In determining the meaning of a statute a court must begin with "the language of the statute itself." United States v. Ron Pair Enters., 489 U.S. 235, 241, 109 S. Ct. 1026, 1030, 103 L. Ed. 2d 290 (1989). The Supreme Court has stated that "[t]he plain meaning of legislation should be conclusive, except in the `rare cases [in which] the literal application of a statute will produce a result demonstrably at odds with the intentions of its drafters.'" Id. at 242, 109 S. Ct. at 1031 (citing Griffin v. Oceanic Contractors, Inc., 458 U.S. 564, 571, 102 S. Ct. 3245, 3250, 73 L. Ed. 2d 973 (1982)).
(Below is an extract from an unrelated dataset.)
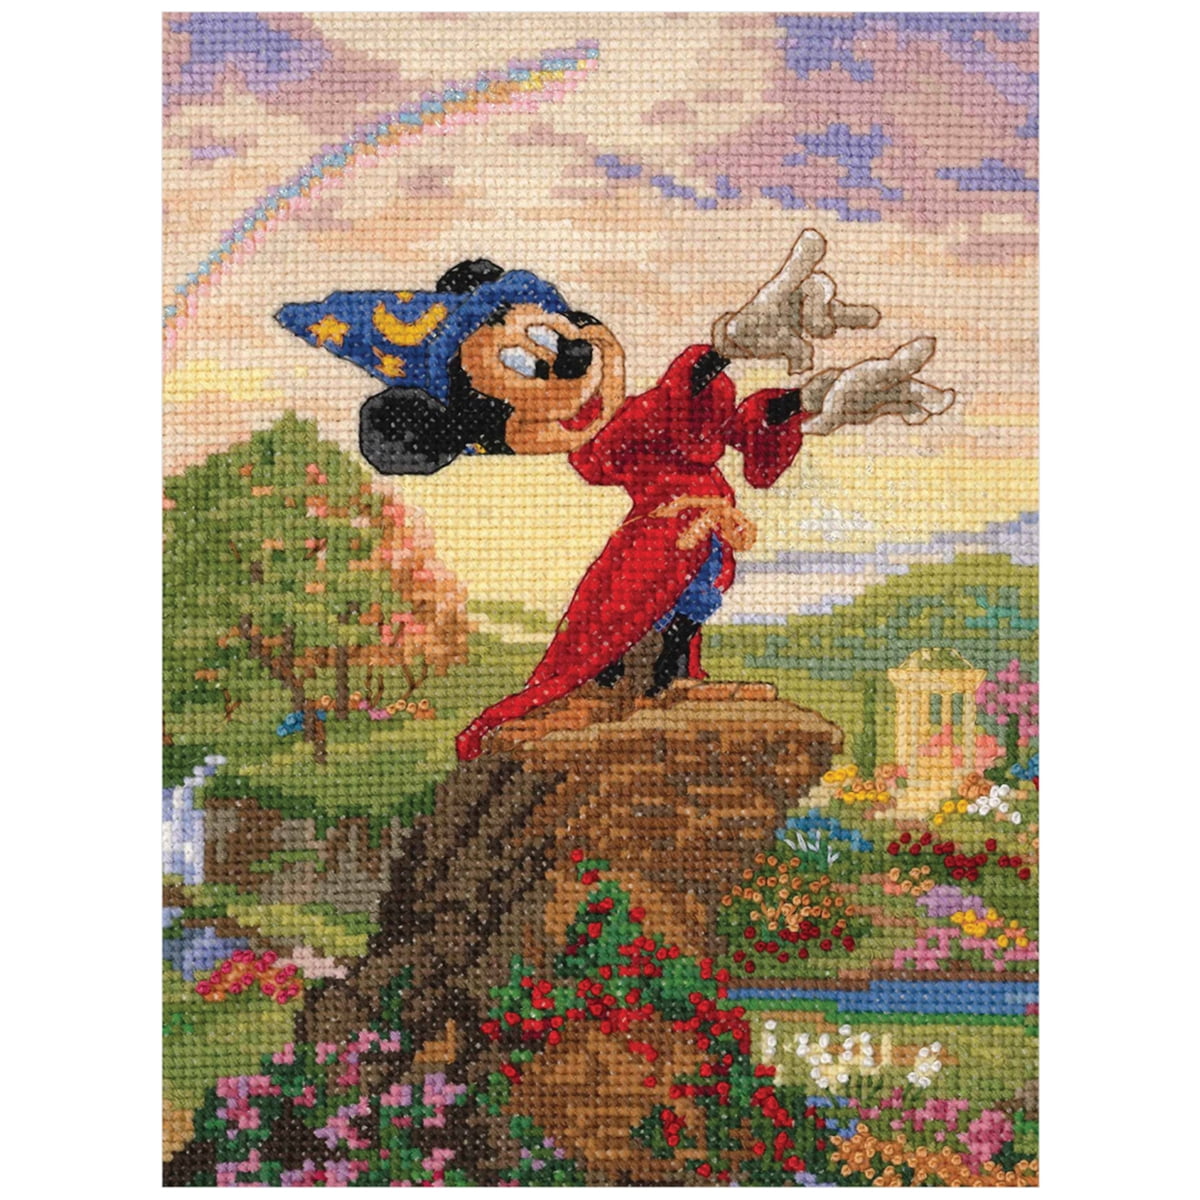 MG Textiles Kinkade Disney Dreams Collection Fantasia Cross Stitch Kit 52510

No words in §§ 507(a) (1) or § 726(b) say that the Trustee's quarterly fees are § 503(b) administrative expenses. On the contrary, the wording of 11 U.S.C. § 507(a) (1) suggest that they are not, as section (a) (1) speaks to two categories of expenses and fees: "[1] administrative expenses allowed under section 503(b) of this title, [2] any fees and charges assessed against the estate under [28 U.S.C. § 1911 et seq.]." See 11 U.S.C. § 507(a) (1). The comma between the two phrases in the statute indicates that the draftsman of the language of the statute intended to identify two independent claims. See, e.g., United States v. Ron Pair Enters., 489 U.S. 235 at 241, 109 S. Ct. 1026 at 1030 (a comma between two phrases combined with the conjunction "and" indicates that the two phrases are independent and the items in the phrases are different). Those courts that have looked to this issue as presenting a question of statutory interpretation have found that § 507(a) (1) should be read as providing for two distinct categories of expenses and fees. See In re Juhl Enters., Inc., 921 F.2d 800 (8th Cir. 1990); In re Seacoast Carpet & Tile, Inc., *471 151 B.R. 962 (1993); In re K & M Printing & Lithographing, Inc., 135 B.R. 404 (1992); In re AM-PM Photo Camera Fashions, Inc., 116 B.R. 222 (1990).

There are a few reported opinions of courts that disagree with this reading of the statute. The courts in those cases adopt an analysis similar to that followed by the court in Sun Runner, finding that for policy reasons the purposes of the Code would be better served by affording priority to the Chapter 7 costs of administration. See In re Wetmore, 117 B.R. 201, 202 (1990); In re Rose Truck Brokers, Inc., 122 B.R. 465 (1990), rev'd, Coley v. Rose Truck Brothers, Inc., C.A. No. 91-26-Civ-J-10 (1992). Those policy based decisions are in the minority and appear to reach conclusions inconsistent with the language of the statute passed by Congress.

As the plain language of the statutes in question mandate that the Trustee's fees under 28 U.S.C. § 1930 have the same priority as Chapter 7 administrative expenses in a case that has been converted from Chapter 11 to Chapter 7, the Bankruptcy Court's decision must be reversed.

The Court will issue an Order in accordance with this Opinion.